Q: How can I share my metadata and/or collections with DLF Aquifer?
A: The best place to start is to consult the DLF Aquifer Collections Submission Documents.
Q: There are some features of the Aquifer MODS Guidelines that don't fit well with my local needs. Are you suggesting I use these guidelines locally?
A: No. The needs of a shared environment are very different from a local environment. The Aquifer MODS Guidelines are intended to provide guidance on what metadata you share with the Aquifer project should look like; we don't intend, and in fact realize it is impossible, to specify how your local system should function.
Q: These guidelines seem very library-centered. Can I use them to describe archival materials or museum objects?
A: While MODS itself isn't explicitly for materials held in libraries rather than archives or museums, it is a bibliographic metadata element set, and therefore has a bit of that inherent library flavor to it. The Guidelines explicitly permit usage of content standards from other communities, such as Describing Archives: A Content Standard, and Cataloging Cultural Objects. It is the hope of the Aquifer Metadata Working Group that MODS records can be produced according the spirit of these guidelines for materials held in any type of cultural heritage institution.
Q: It sure will be a lot of work to make my metadata meet these guidelines. Do I really need to?
A: The Guidelines were written intentionally to set a high standard for Aquifer metadata, so that the Aquifer project can provide better services on that metadata. We figured if anybody could produce higher-quality metadata, it would be DLF institutions. But we also realize that producing metadata for sharing is difficult. The Aquifer Metadata Working Group has therefore produced a "Levels of Adoption" document to help you prioritize work on your shared metadata based on what Aquifer can accomplish with that work. Also, stay tuned to the Public Metadata Documents page for tools we'll be releasing to help you assess and improve your metadata.
Q: Why are properties of both an analog original and a digitized copy of a resource mixed together in a single record in these guidelines? Why didn't you follow the lead of FRBR or the Dublin Core 1:1 principle and separate the two?
A: This topic is an extremely complex one, and one that generated a great deal of discussion within the Aquifer Metadata Working Group and those from whom we solicited feedback. The issue is more complicated even than separating metadata about multiple versions; it also involves separating metadata about the content from that of the carrier, a distinction which is not always clear even to experts. An earlier draft of the Guidelines attempted to separate metadata about content from that of its various carriers, but in the end we determined that requiring this separation for all Aquifer participants was too high of a barrier for participation, that it provided very little benefit for the sorts of discovery feasible for a metadata aggregation, and that these distinctions were not very clear for one-of-a-kind materials (rather than published materials).
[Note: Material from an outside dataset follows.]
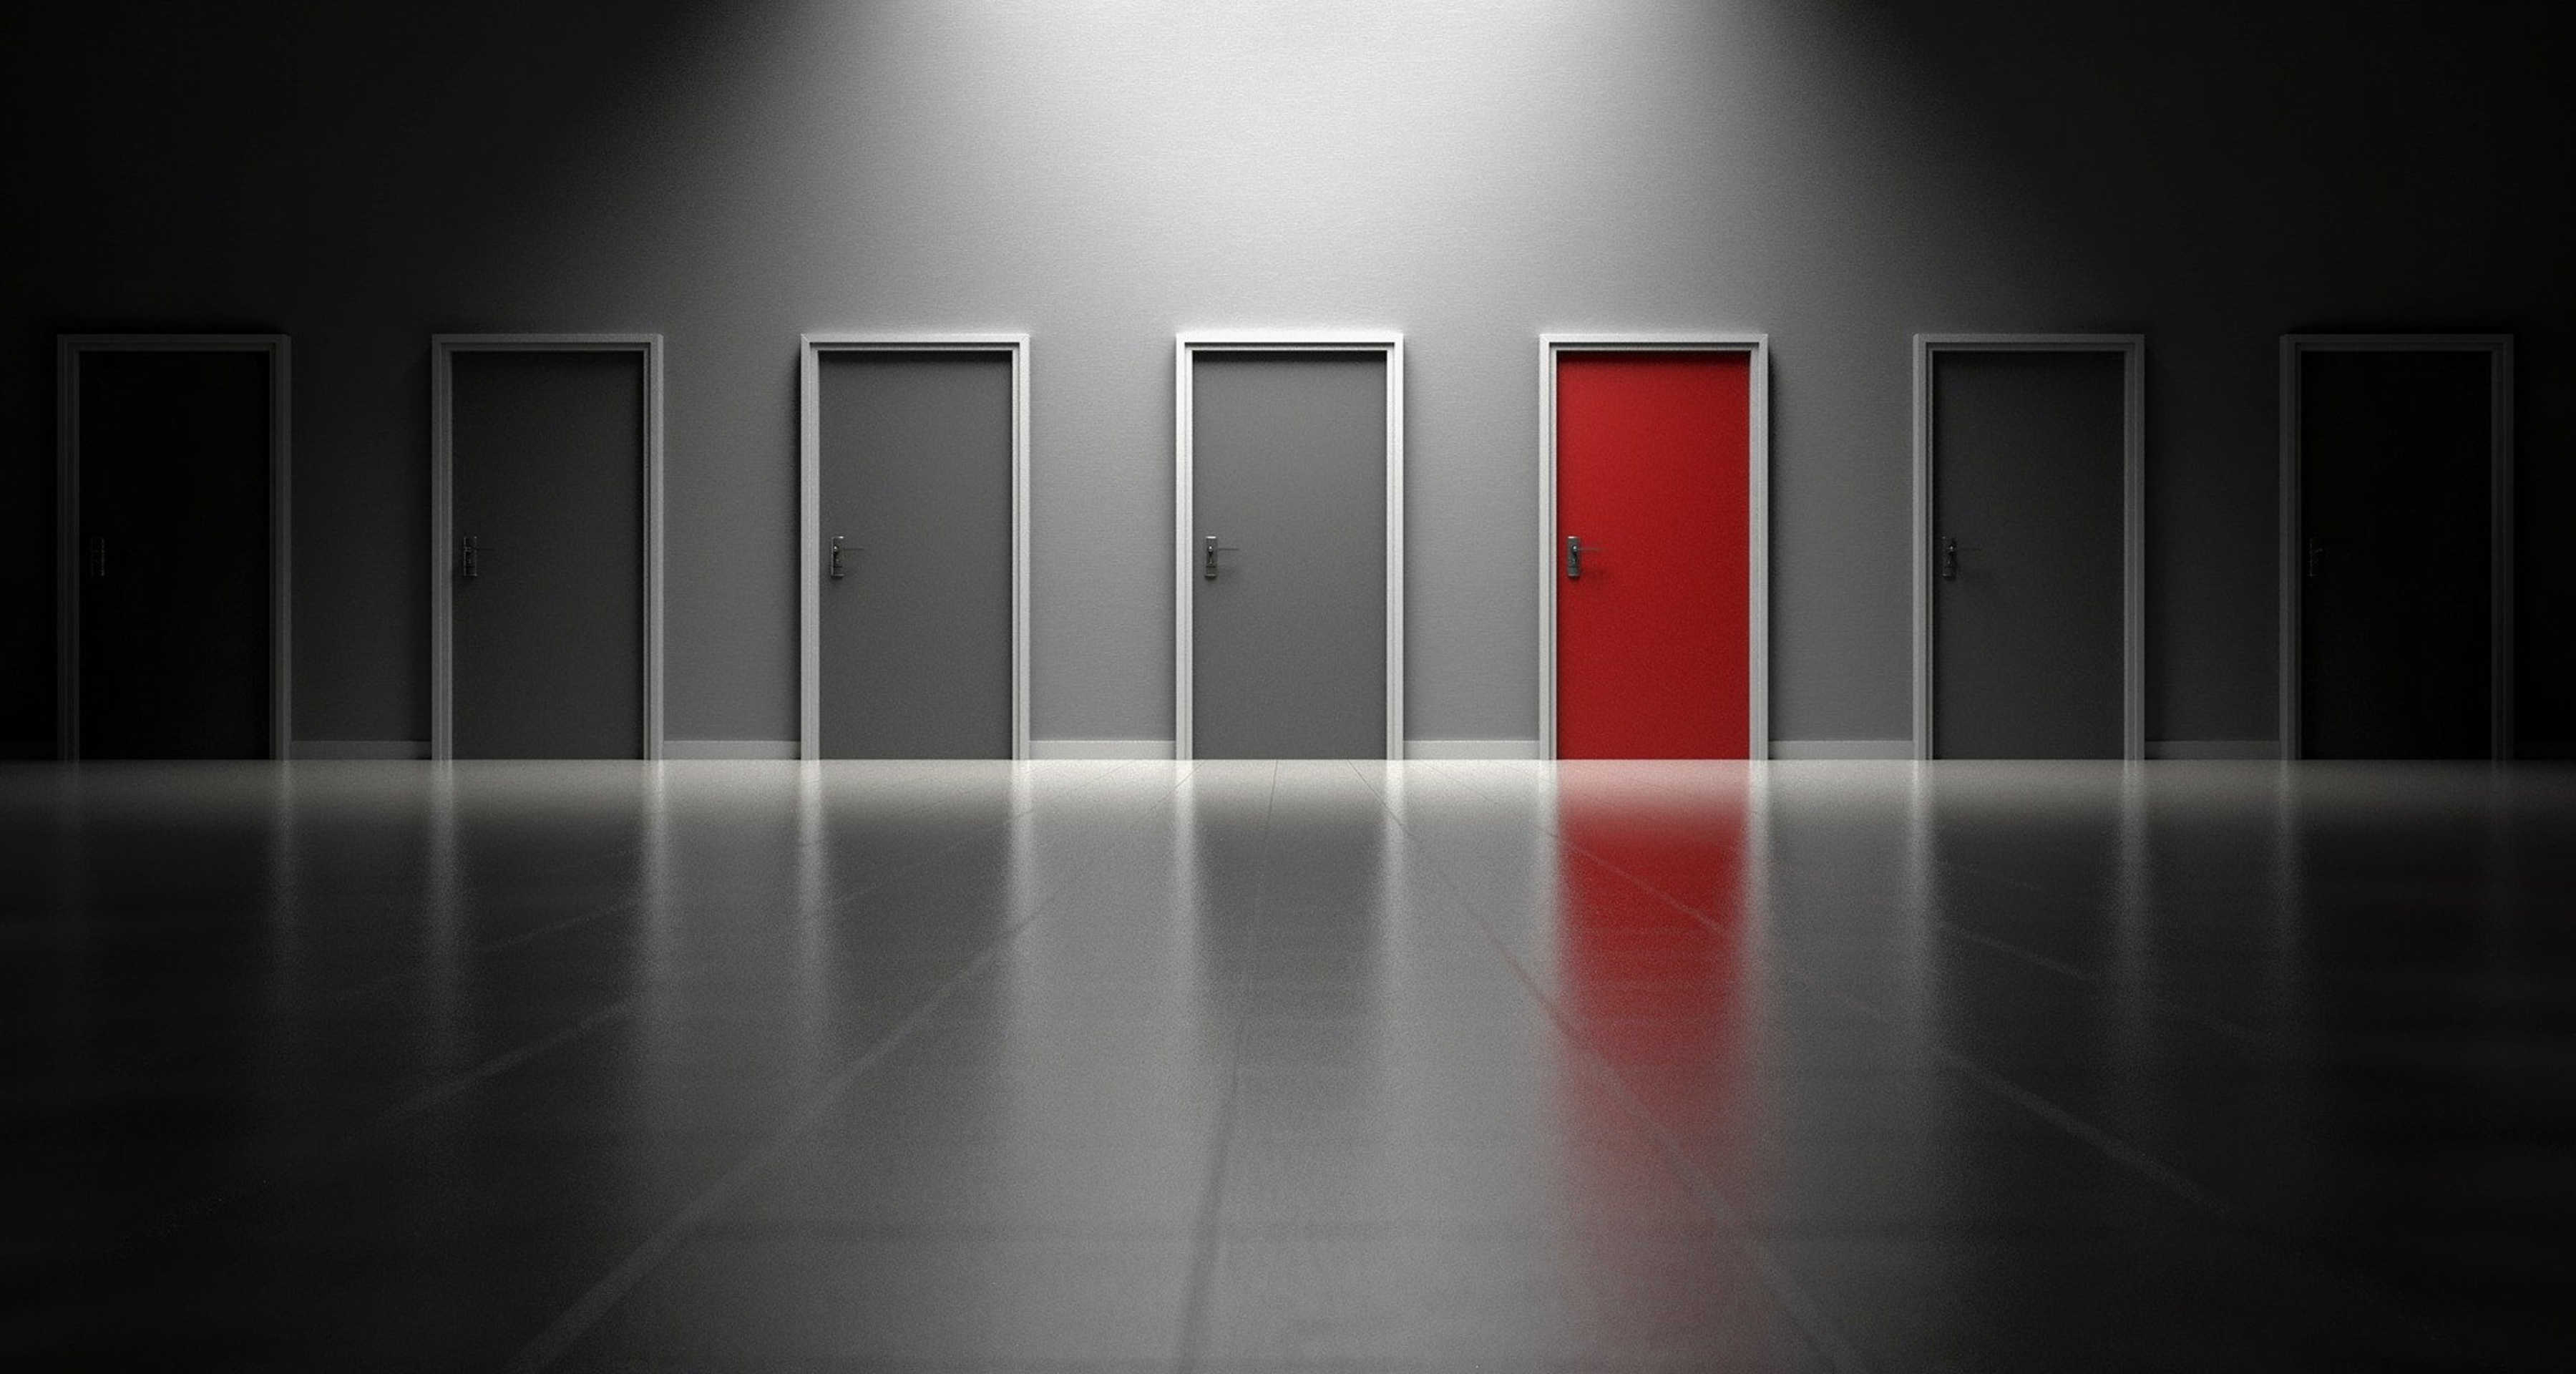 Graue Türen und eine rote Tür zur Visualisierung von Einzigartigkeit
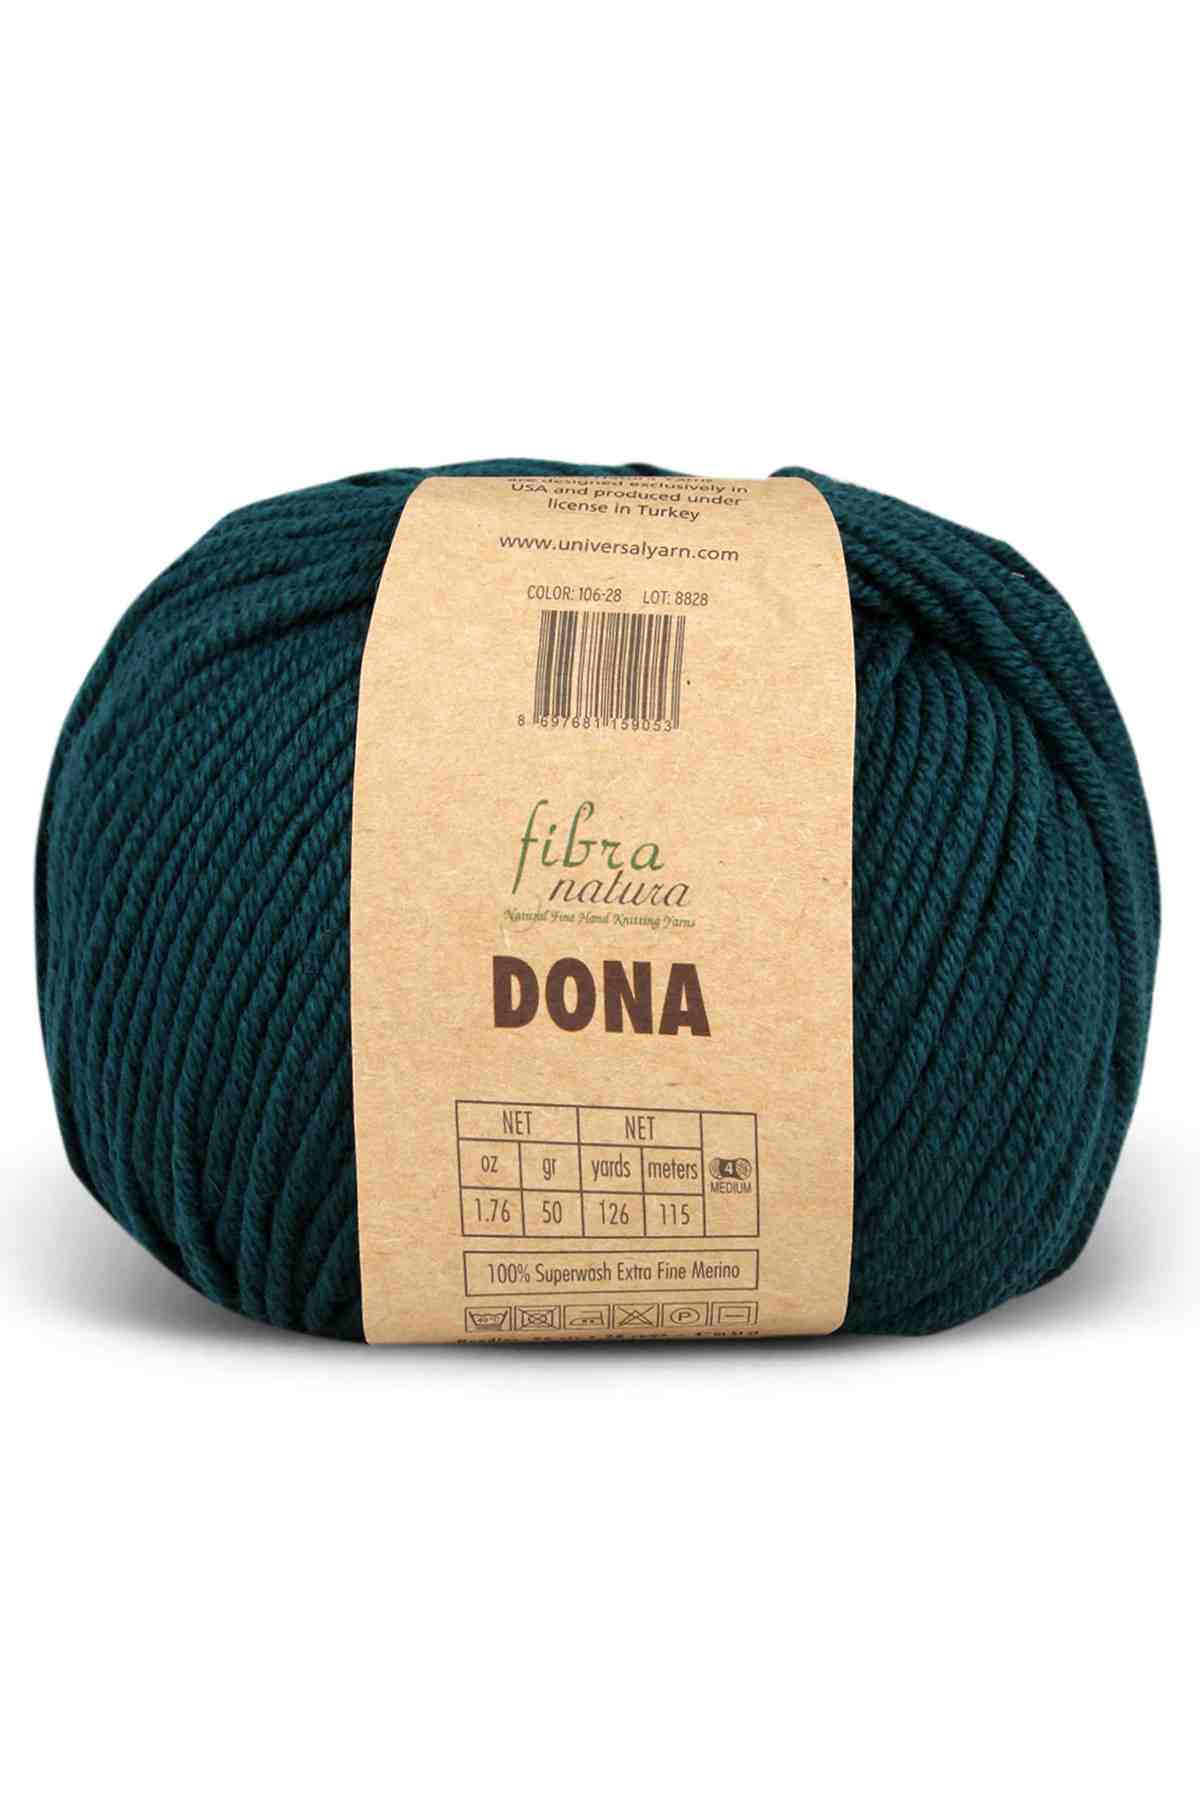 Fibra Natura Dona Superwash Merino Wool Yarn

We encourage implementers to implement clear conceptual models underlying their local metadata repositories, and to perform careful mapping of that metadata into MODS records for sharing with Aquifer.
Principles of shareable metadata
Q: Why can't I just share the versions of records I store locally?
A: Your local metadata is likely to be optimized for your delivery system (or suffer from some of its quirks), and leave out information implied by your institutional context. Shared records therefore need to be created that are intended to be used outside of that context. For more information, see Shreeves, Sarah L., Jenn Riley, and Liz Milewicz. "Moving towards shareable metadata." First Monday 11, no. 8 (7 August 2006).
Institution as publisher
Q: Since my institution is responsible for digitizing and making a resource available, I want to give us credit for that by making us the publisher of the digital version. Where can I do that in Aquifer MODS?
A: In MODS, the <publisher> element is intended to convey information about the publisher or originator of the original resource that you digitized, which is ultimately the most useful publication-related information for users of your digital resource. If you want to, you can certainly toot your institution's horn about providing the digital facsimile, and the MODS <note> element is the appropriate place to do so.
MARC21 to MODS stylesheet for Aquifer
Q: Are there particular MARC tags or subfields that we may want to change the mapping for, if our local cataloging practices differ from what the stylesheet expects?
A: We can't predict all places where you might need to change the mapping, but some we've encountered in our testing that stand out are:
*752 Hierarchical Place Name - we are mapping to <subject><hierarchicalGeographic>, but if your records have a placename that's not a subject (e.g. place of publication) in that tag, the subject mapping would not be appropriate.
*533 Reproduction, subfield f Series - we are mapping to <relatedItem type="series">. If your local practice is to always repeat the series in an 830 tag, that mapping will be redundant and could be deleted.
*856 mapping based on indicator values - we are mapping 856 with 2nd indicator 1 (Version of resource) to <location><url> for the resource. Many records that use the "single record" approach to describe both physical and digital manifestations in one record use this indicator for the URL. But sometimes that indicator is used for a URL to only a small portion of a resource (e.g. table of contents). If that has been your practice, you may want to change the mapping to <relatedItem type="constituent"> or some other mapping, or delete mapping of 856 with 2nd indicator 1 in the stylesheet.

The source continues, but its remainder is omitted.